Disabling wayland doesn't have any impact:
systemd(1)───gdm(5677)───gdm-session-wor(7087)───gdm-x-session(7126)───tlog-rec-sessio(7159)───gnome-session-b(7175)─┬─gnome-shell(7228)─┬─ibus-daemon(7269)─┬─ibus-dconf(7274)─┬─{ibus-dconf}(7275)
...
Thank you. First, I have to say, that last time I checked tlog shouldn't be used with graphical sessions, but I might be out of date. Check official administrator guide. The loop you posted is the normal recording loop. I.e. something is being read/written through that shell and then recorded. Could you find out what is recorded, to verify?
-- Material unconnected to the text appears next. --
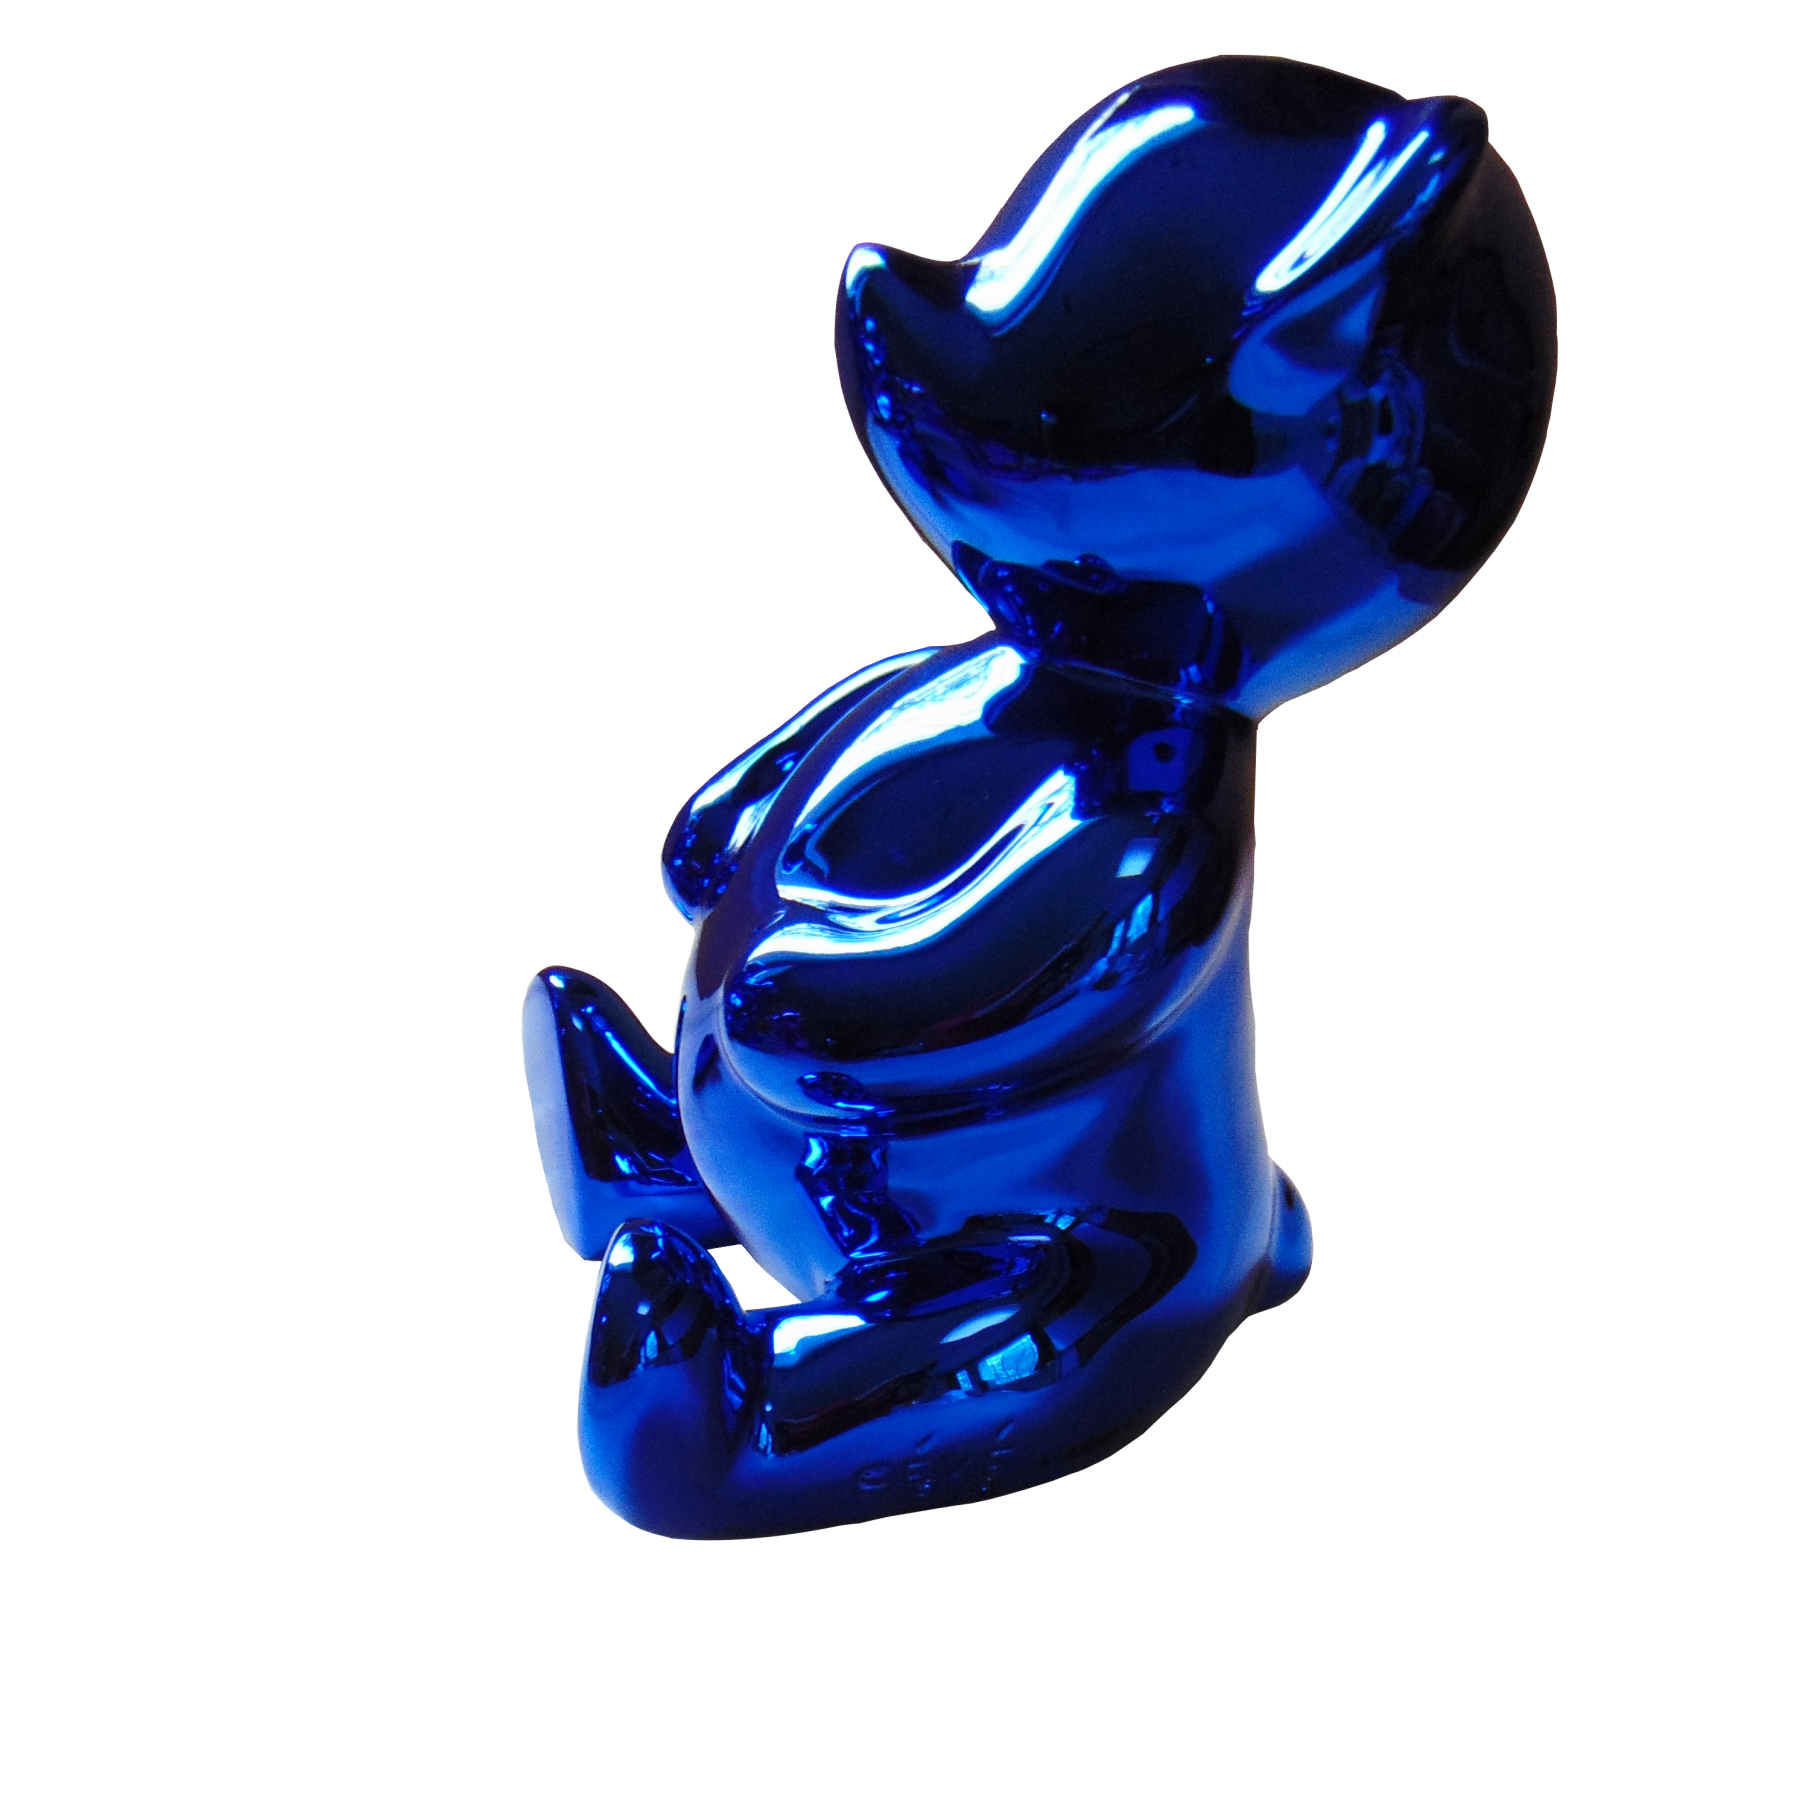 Chubby Blue by Cévé at Hg Contemporary art gallery

Even though (I think) the GUI configuration is unsupported, we might still need to handle it. The documentation states tlog doesn't work for graphical terminals, but still I think tlog shouldn't start spinning in case it's used as the default shell, which is the standard way to enable tlog if I understand correctly. I don't see anything recorded there btw. The use case for this is customer wants to log everything for remote connections. It appears if the server has a GUI as well and the user logs in through the GUI / VNC, then havoc starts to happen. There's little sense in recording GUI sessions, since the standard shell often wouldn't normally even be started by the user, and if they want, they can just run a terminal emulator with the shell of their choice. Normally if you have a reason to run tlog-rec-session, for the same reason you don't want to run a GUI session. Otherwise, just to be absolutely sure that nothing is recorded (which would be strange), did you check the actual tlog-rec-session configuration used and the configured log destination? To reproduce the issue, I used the standard configuration file /etc/tlog/tlog-rec-session.conf
Then I amended to log to path /var/log/tlog:
"file": {
"path" : "/var/log/tlog"
},
And I'm still getting nothing at all.
Actually I don't know at all when it's supposed to show something.
Configuring to write to the journal, I see the session recording when executing a ssh session, but nothing when on the GUI.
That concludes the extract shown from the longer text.